Would it be possible to create a perf probe to get some statistics?

I see at least 4 options:

- do nothing

- add the smp_mb() into pipe_poll, and convert pipe to wq_has_sleepers()

- add the smp_mb() into poll_wait(), convert pipe and potentially 
further poll users to wq_has_sleepers()

- add the smp_mb() into __add_wait_queue(), and merge wq_has_sleepers() 
into wake_up().

The tricky part is probably to differentiate wake_up on empty wait 
queues vs. wake_up on wait queues with entries.

--

     Manfred

Linus Torvalds Jan. 4, 2025, 10:05 p.m. UTC | #4

On Thu, 2 Jan 2025 at 08:33, Oleg Nesterov <oleg@redhat.com> wrote:
>
> I was going to send a one-liner patch which adds mb() into pipe_poll()
> but then I decided to make even more spam and ask some questions first.

poll functions are not *supposed* to need memory barriers.

They are supposed to do "poll_wait()" and then not need any more
serialization after that, because we either

 (a) have a NULL wait-address, in which case we're not going to sleep
and this is just a "check state"

 (b) the waiting function is supposed to do add_wait_queue() (usually
by way of __pollwait) and that should be a sufficient barrier to
anybody who does a wakeup

Note that add_wait_queue() ends up doing a spinlock sequence, and
while that is not a full memory barrier (well, it is on x86, but not
necessarily in general), it *should* be sufficient against an actual
waker.

That's kind of how add_wait_queue() vs wake_up() is supposed to work.

Of course, the fact that we're not discussing the pipe code *not*
doing a full wake sequence (but just a "is the wait queue empty"
thing) is what then messes with the generic rules.

And this makes me think that the whole comment above
waitqueue_active() is just fundamentally wrong. The smp_mb() is *not*
sufficient in the sequence

    smp_mb();
    if (waitqueue_active(wq_head))
        wake_up(wq_head);

because while it happens to work wrt prepare_to_wait() sequences, is
is *not* against other users of add_wait_queue().

In those other sequences the smp_mb() in set_current_state might have
happened long long before.

Those other users aren't just 'poll()', btw. There's quite a lot of
add_wait_queue() users in the kernel. It's a traditional model even if
it's not something people generally add to any more.

Now, hopefully many of those add_wait_queue() users end up using
set_current_state() and getting the memory barrier that way. Or they
use wait_woken() or any of the other proper helpers we have.

But I think this poll() thing is very much an example of this *not*
being valid, and I don't think it's in any way pipe-specific.

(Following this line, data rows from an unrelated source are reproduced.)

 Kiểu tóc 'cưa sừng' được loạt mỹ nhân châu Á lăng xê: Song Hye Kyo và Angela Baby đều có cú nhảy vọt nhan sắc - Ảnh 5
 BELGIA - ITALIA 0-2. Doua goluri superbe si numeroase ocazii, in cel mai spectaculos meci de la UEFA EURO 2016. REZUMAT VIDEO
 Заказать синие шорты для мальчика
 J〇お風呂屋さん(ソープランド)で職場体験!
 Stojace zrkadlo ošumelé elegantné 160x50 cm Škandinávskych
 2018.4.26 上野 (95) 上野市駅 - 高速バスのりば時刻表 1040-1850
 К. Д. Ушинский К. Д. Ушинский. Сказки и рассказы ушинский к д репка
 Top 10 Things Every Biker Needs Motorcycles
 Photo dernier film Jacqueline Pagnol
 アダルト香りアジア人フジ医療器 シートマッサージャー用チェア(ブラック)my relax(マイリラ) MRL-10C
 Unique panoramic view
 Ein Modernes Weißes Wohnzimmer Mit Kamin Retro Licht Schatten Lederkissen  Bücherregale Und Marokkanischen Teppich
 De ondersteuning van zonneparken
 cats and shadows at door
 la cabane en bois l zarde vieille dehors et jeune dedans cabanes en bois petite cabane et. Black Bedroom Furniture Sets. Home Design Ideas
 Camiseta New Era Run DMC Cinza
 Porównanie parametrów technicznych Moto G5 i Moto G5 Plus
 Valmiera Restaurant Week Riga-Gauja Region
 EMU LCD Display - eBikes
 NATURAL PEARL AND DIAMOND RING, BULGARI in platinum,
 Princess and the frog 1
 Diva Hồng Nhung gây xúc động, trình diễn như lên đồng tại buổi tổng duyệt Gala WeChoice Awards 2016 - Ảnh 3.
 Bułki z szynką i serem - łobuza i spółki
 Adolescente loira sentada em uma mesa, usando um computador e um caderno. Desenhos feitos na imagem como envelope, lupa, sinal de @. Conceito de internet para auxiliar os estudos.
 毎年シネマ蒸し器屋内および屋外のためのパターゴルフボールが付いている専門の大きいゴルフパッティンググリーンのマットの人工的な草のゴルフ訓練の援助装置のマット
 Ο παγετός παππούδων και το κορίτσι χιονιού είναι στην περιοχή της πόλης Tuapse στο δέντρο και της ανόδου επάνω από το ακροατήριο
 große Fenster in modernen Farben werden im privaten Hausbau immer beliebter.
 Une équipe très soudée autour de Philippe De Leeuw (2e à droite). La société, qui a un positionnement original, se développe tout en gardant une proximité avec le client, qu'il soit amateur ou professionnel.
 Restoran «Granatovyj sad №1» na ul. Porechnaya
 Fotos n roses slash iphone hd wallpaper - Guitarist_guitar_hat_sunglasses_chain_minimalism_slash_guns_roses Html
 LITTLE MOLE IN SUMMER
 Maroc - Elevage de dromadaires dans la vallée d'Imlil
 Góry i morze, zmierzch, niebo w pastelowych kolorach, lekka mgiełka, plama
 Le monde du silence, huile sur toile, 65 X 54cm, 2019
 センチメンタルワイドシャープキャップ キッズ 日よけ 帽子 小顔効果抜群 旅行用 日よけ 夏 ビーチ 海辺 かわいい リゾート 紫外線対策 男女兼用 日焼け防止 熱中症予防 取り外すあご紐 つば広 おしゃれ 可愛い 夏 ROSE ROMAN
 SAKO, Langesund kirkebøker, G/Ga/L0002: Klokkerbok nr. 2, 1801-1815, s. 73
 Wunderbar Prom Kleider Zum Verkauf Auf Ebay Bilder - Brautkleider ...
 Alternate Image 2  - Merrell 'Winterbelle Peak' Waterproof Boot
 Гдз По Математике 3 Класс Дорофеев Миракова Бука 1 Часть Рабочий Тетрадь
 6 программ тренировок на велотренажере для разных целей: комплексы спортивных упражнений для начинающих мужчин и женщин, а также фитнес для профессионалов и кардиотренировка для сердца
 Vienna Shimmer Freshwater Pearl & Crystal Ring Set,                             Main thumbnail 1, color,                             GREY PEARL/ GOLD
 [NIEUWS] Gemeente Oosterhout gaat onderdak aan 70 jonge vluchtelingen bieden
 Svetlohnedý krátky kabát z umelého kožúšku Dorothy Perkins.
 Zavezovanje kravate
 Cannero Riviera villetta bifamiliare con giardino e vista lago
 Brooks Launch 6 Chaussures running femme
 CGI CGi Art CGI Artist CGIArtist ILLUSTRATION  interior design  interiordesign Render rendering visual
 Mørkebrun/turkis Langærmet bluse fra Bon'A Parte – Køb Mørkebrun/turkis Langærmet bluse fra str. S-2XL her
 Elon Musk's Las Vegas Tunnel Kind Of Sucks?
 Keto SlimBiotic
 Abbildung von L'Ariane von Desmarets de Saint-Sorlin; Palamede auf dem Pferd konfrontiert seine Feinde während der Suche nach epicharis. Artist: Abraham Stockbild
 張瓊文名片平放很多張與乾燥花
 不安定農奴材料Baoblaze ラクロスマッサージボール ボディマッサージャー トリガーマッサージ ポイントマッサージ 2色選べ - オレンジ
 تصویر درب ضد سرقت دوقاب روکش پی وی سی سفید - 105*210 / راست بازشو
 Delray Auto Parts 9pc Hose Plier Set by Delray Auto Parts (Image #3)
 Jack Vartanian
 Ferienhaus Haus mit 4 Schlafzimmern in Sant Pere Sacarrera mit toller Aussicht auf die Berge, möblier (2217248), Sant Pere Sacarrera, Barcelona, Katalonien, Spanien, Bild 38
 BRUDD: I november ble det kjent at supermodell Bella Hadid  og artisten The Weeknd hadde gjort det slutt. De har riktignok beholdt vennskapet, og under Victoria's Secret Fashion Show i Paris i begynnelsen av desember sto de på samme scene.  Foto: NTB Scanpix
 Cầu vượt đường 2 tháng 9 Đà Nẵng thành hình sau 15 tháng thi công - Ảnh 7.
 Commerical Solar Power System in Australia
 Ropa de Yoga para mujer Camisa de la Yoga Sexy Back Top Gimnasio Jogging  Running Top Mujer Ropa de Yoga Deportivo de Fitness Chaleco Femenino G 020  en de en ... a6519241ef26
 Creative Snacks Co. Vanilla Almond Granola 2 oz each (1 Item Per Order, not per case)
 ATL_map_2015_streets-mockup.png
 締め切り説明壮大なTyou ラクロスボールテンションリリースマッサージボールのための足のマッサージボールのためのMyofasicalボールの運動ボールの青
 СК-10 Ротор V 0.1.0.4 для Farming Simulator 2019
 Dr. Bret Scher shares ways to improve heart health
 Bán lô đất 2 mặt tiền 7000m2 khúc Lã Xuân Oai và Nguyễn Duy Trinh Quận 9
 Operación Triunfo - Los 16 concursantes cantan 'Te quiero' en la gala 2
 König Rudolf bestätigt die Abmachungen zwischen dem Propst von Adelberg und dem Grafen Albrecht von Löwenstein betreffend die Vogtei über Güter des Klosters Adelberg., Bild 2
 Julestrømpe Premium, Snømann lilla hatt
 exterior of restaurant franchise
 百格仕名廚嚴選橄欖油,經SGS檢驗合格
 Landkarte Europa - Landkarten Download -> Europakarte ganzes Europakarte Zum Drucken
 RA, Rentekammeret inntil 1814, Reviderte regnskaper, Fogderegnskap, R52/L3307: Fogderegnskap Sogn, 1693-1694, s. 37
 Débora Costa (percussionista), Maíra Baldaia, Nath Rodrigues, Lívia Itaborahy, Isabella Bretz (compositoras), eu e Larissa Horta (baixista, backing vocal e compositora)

So maybe we really do need to add the memory barrier to
__add_wait_queue(). That's going to be painful, particularly with lots
of users not needing it because they have the barrier in all the other
places.

End result: maybe adding it just to __pollwait() is the thing to do,
in the hopes that non-poll users all use the proper sequences.

But no, this is most definitely not a pipe-only thing.

          Linus

Oleg Nesterov Jan. 6, 2025, 4:30 p.m. UTC | #5

On 01/04, Linus Torvalds wrote:
>
> On Thu, 2 Jan 2025 at 08:33, Oleg Nesterov <oleg@redhat.com> wrote:
> >
> > I was going to send a one-liner patch which adds mb() into pipe_poll()
> > but then I decided to make even more spam and ask some questions first.
>
> poll functions are not *supposed* to need memory barriers.
...
> But no, this is most definitely not a pipe-only thing.

Agreed, that is why I didn't send the patch which adds mb() into pipe_poll().

> They are supposed to do "poll_wait()" and then not need any more
> serialization after that, because we either
>
>  (a) have a NULL wait-address, in which case we're not going to sleep
> and this is just a "check state"

To be honest, I don't understand the wait_address check in poll_wait(),
it seems that wait_address is never NULL.

But ->_qproc can be NULL if do_poll/etc does another iteration after
poll_schedule_timeout(), in this case we can sleep again. But this
case is fine.

>  (b) the waiting function is supposed to do add_wait_queue() (usually
> by way of __pollwait) and that should be a sufficient barrier to
> anybody who does a wakeup

Yes.

> And this makes me think that the whole comment above
> waitqueue_active() is just fundamentally wrong. The smp_mb() is *not*
> sufficient in the sequence
>
>     smp_mb();
>     if (waitqueue_active(wq_head))
>         wake_up(wq_head);
>
> because while it happens to work wrt prepare_to_wait() sequences, is
> is *not* against other users of add_wait_queue().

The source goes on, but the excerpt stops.